_EXTRACTED INFORMATION_

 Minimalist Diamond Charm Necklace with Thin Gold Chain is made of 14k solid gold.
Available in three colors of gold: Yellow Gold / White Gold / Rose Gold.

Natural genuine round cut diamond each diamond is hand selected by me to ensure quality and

==

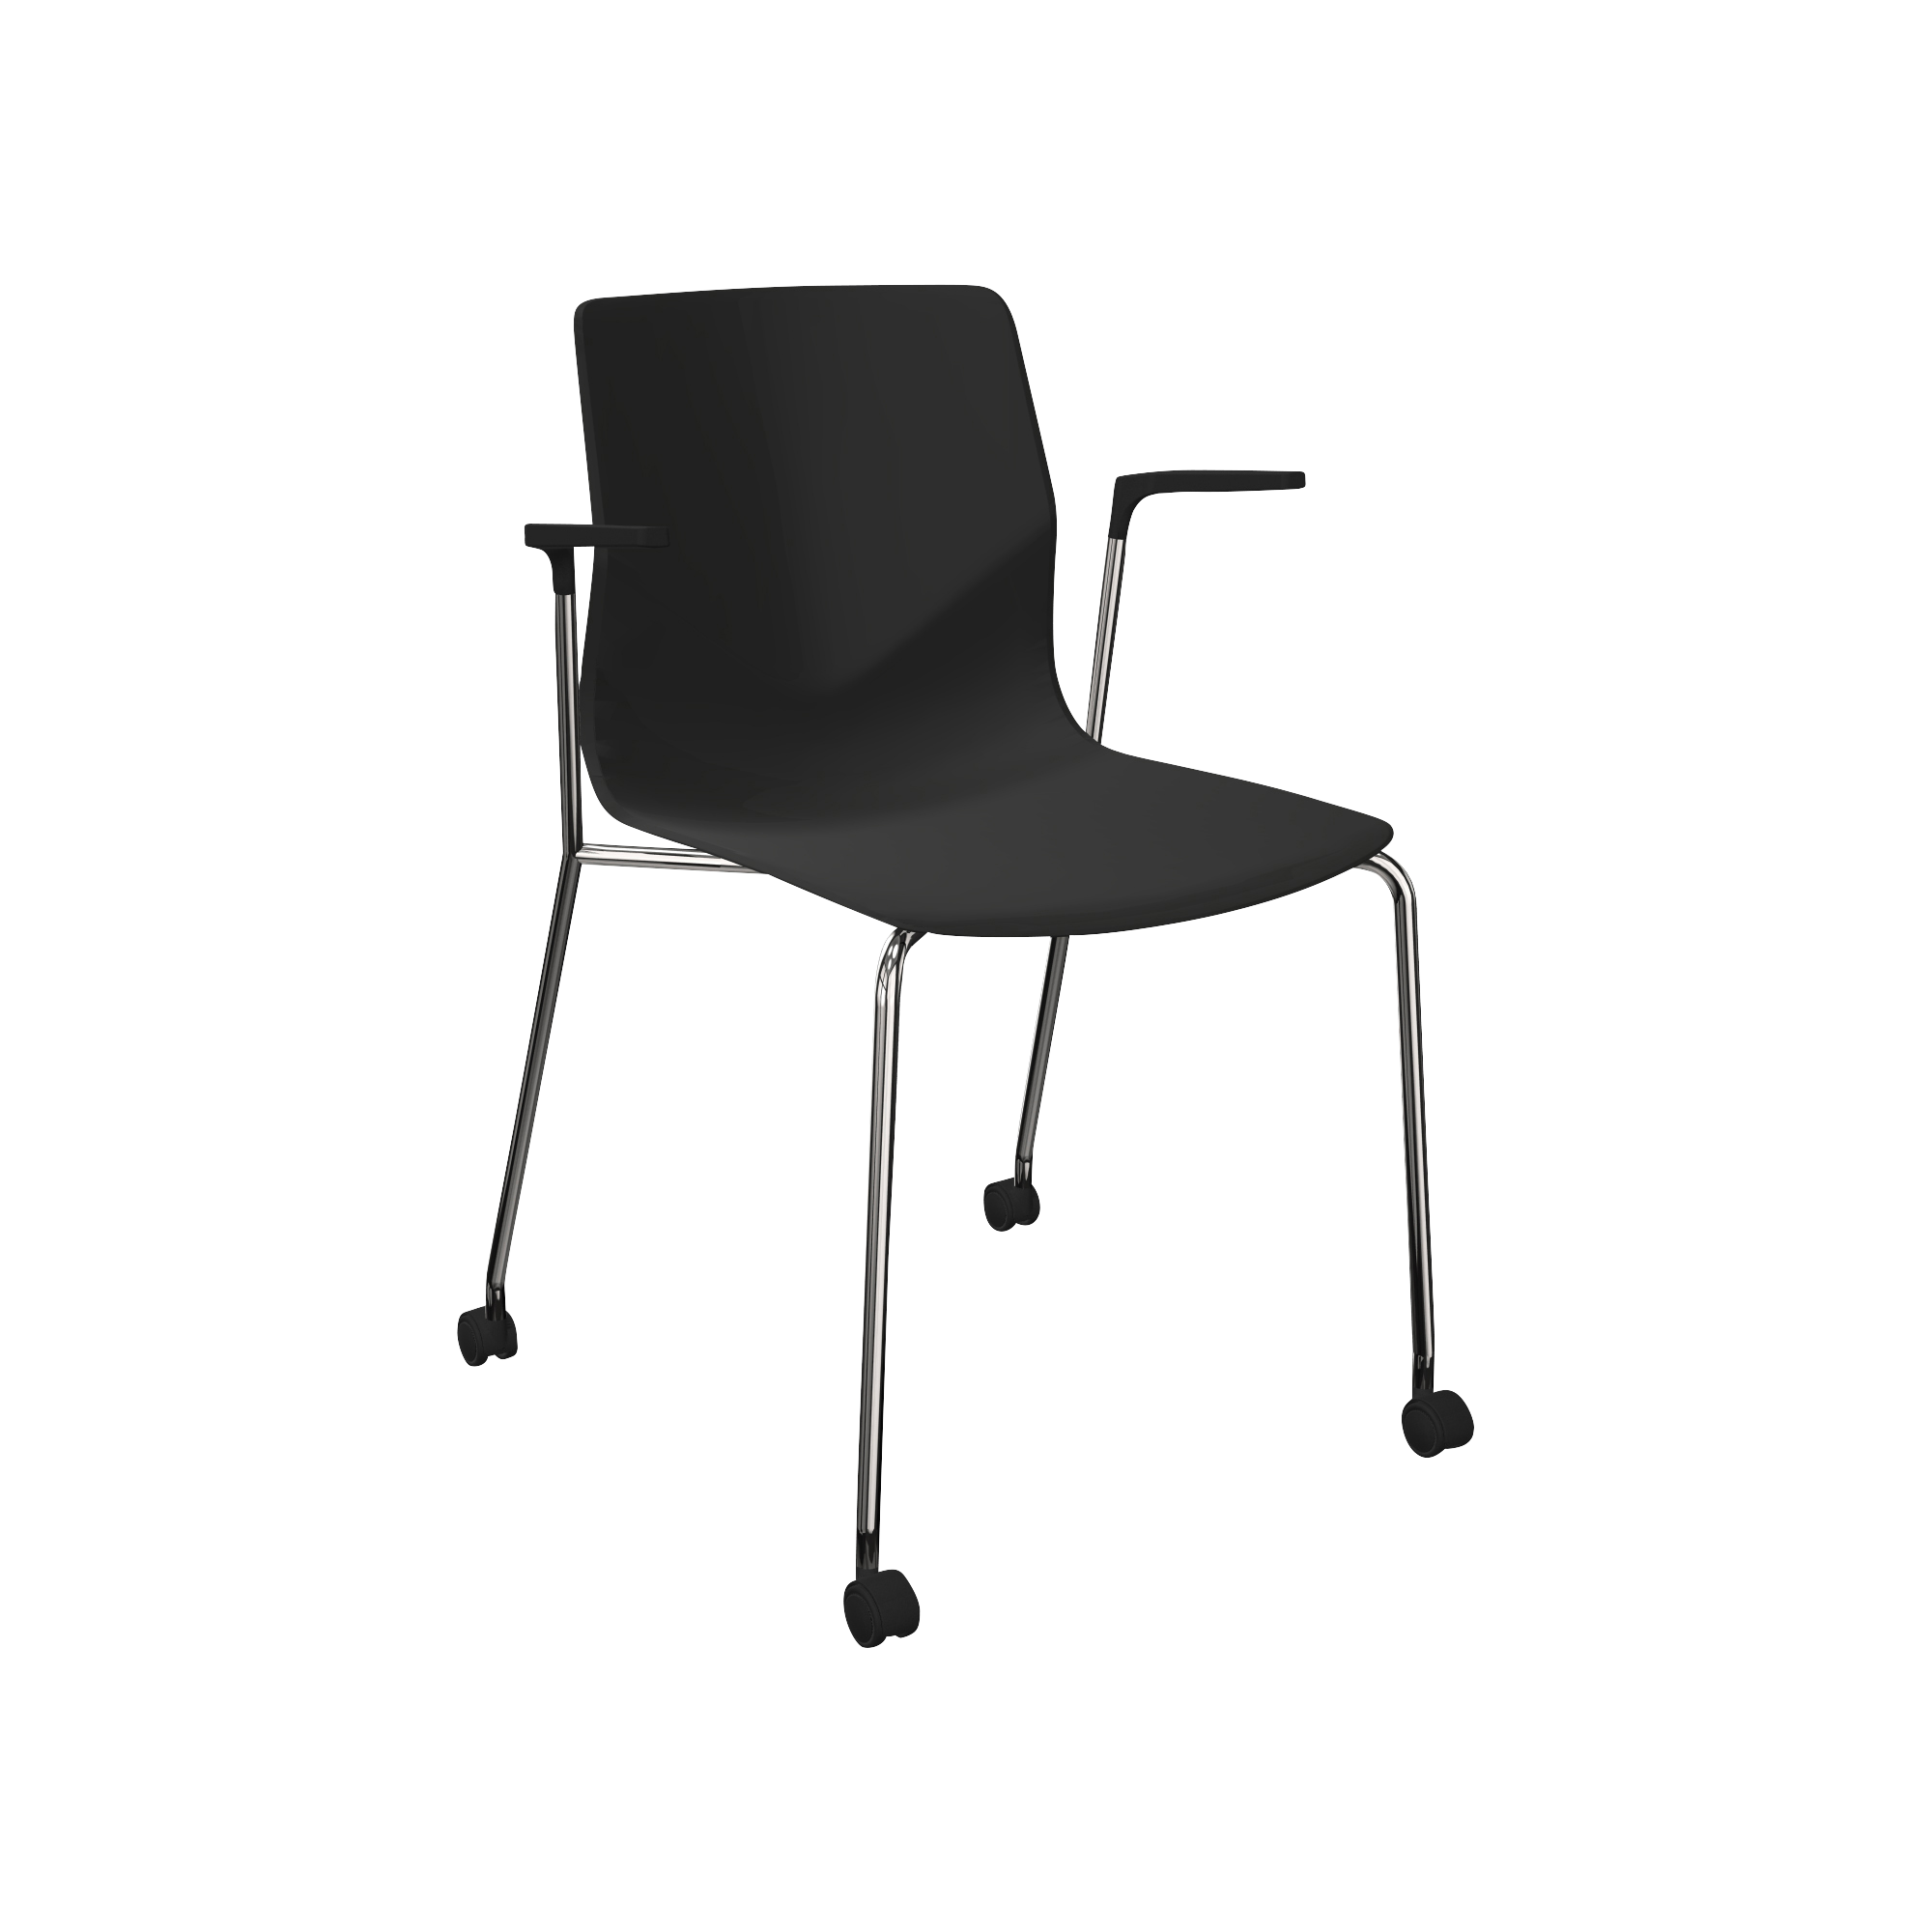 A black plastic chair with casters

...

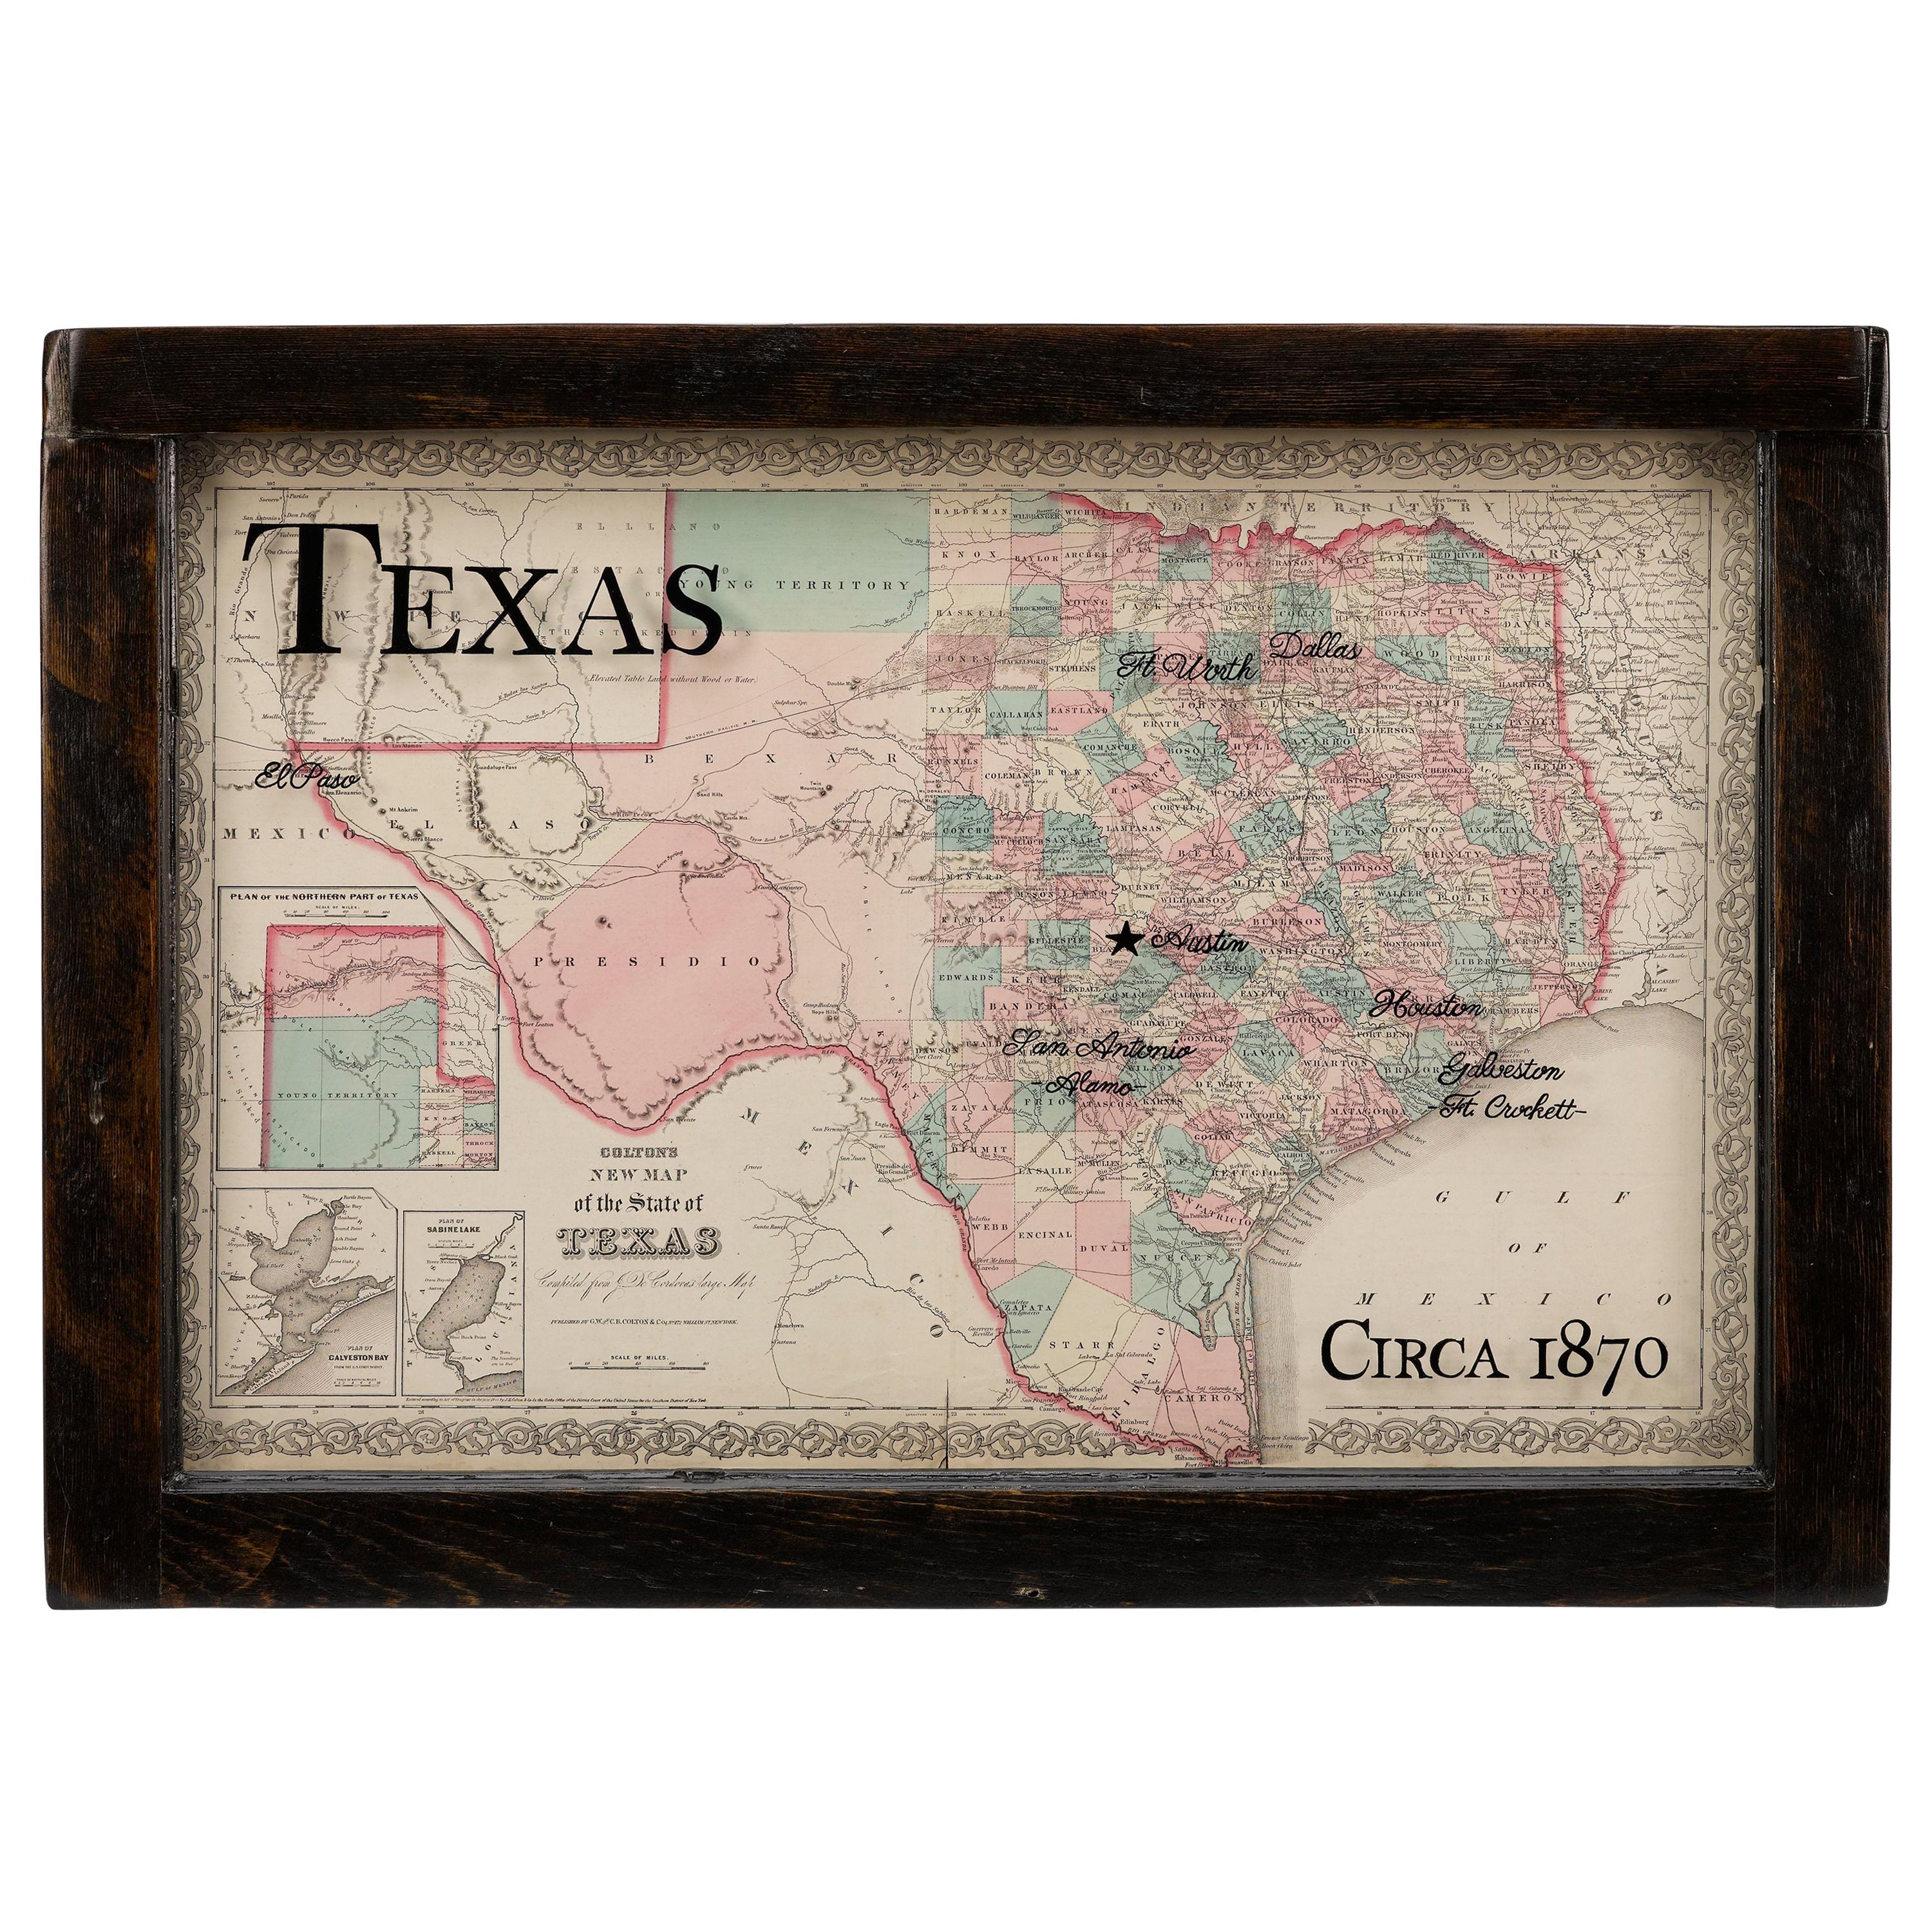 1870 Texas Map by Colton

_TASK TO CARRY OUT_
Restate word for word only the lines above from the line containing "Minimalist Diamond Charm" to the line containing "Natural genuine round", both of them included.

_EXERCISE OUTPUT_
 Minimalist Diamond Charm Necklace with Thin Gold Chain is made of 14k solid gold.
Available in three colors of gold: Yellow Gold / White Gold / Rose Gold.

Natural genuine round cut diamond each diamond is hand selected by me to ensure quality and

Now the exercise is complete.